GE’s pitch that being in many businesses is better than one and being in businesses in many parts of the world fell apart like a cheap clock today. Infrastructure is the one and only good operation at GE and that has been true for two years. That fact was dragged further into the daylight by the company’s most recent results. They are the strongest argument yet that everything other than the company’s largest unit should be spun-out.

GE (NYSE: GE) missed most of Wall St’s estimates for the first quarter.
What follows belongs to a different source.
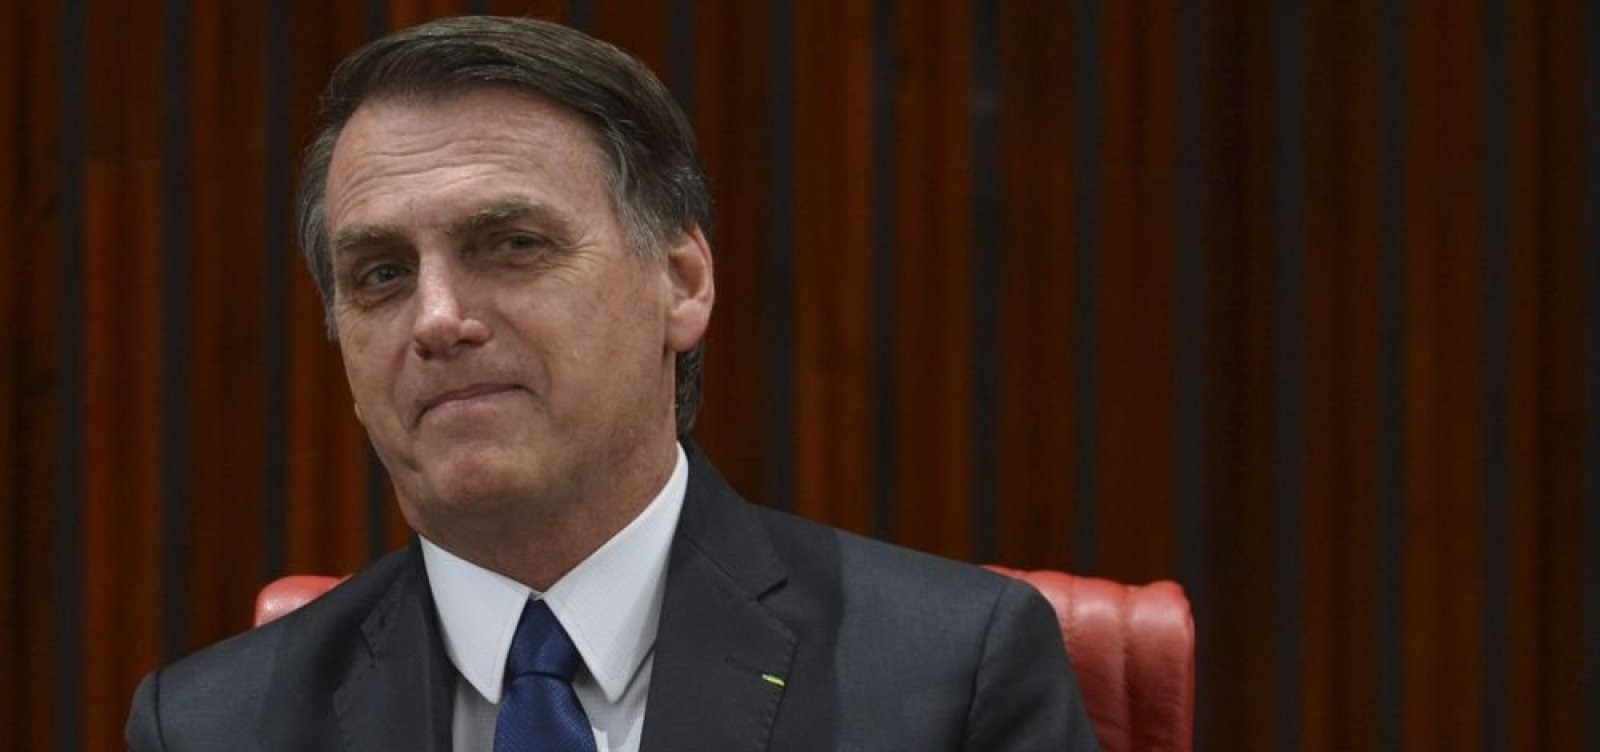 Partidos cobram definição de Bolsonaro sobre operadores no Congresso
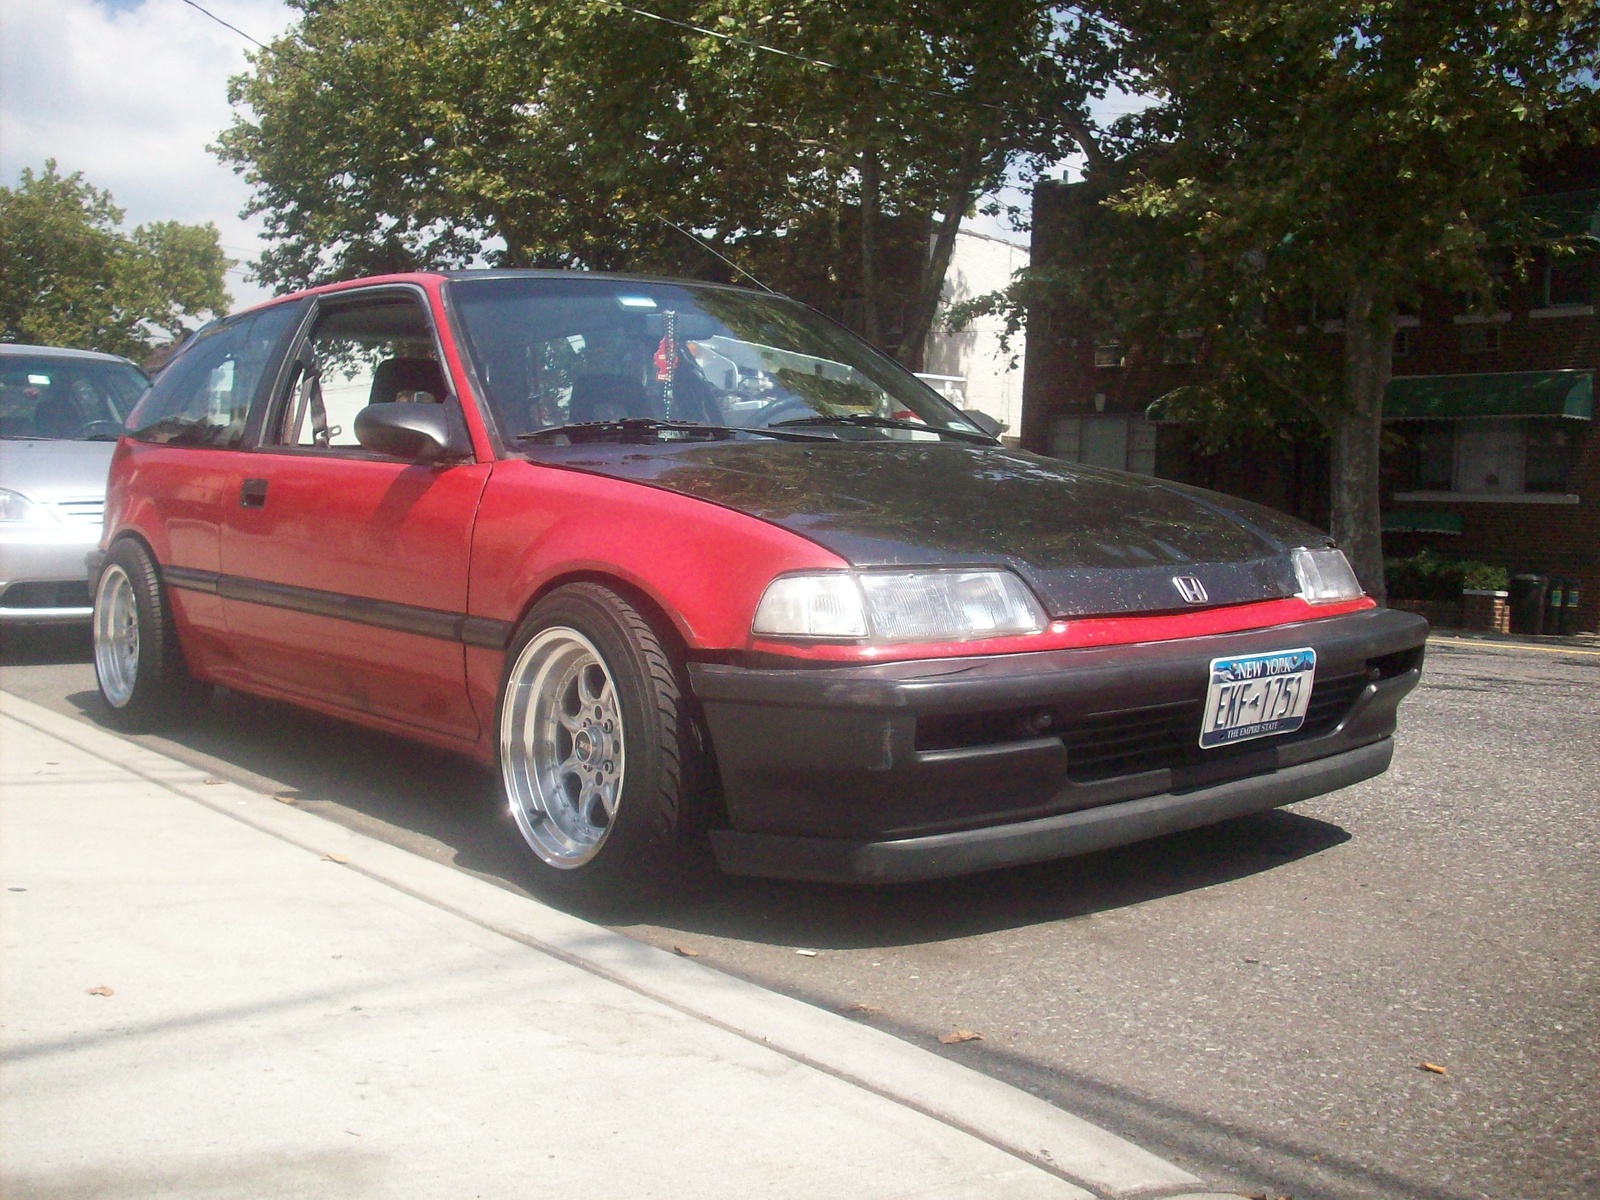 1991 Honda civic dx hatchback review #5

Earnings were $0.44 compared to a First Call consensus of $0.51 and revenue was $42.2 billion compared to a guess of $42.7 billion.

For the second quarter, the company also guided low, at EPS of $0.53 to $0.55 versus a Wall St consensus of $0.58.

“Demand for our global Infrastructure business remained strong, but our financial services businesses were challenged by a slowing U.S. economy and difficult capital markets,” GE Chairman and CEO Jeff Immelt said

The only operating unit at the company which did well was the huge infrastructure business. Its revenue rose 23% to almost $15 billion. Operating income was up 17% to $2.588 billion.

NBC Universal continued to be a modest performer. Revenue in that part of GE’s business was up 1% and operating profits ticked up slightly to $712 million.

The financial businesses at GE were a disaster. GE Money operating income was down 19%. Commercial Finance was off 20%. The industrial and healthcare businesses also turned in dreadful performances.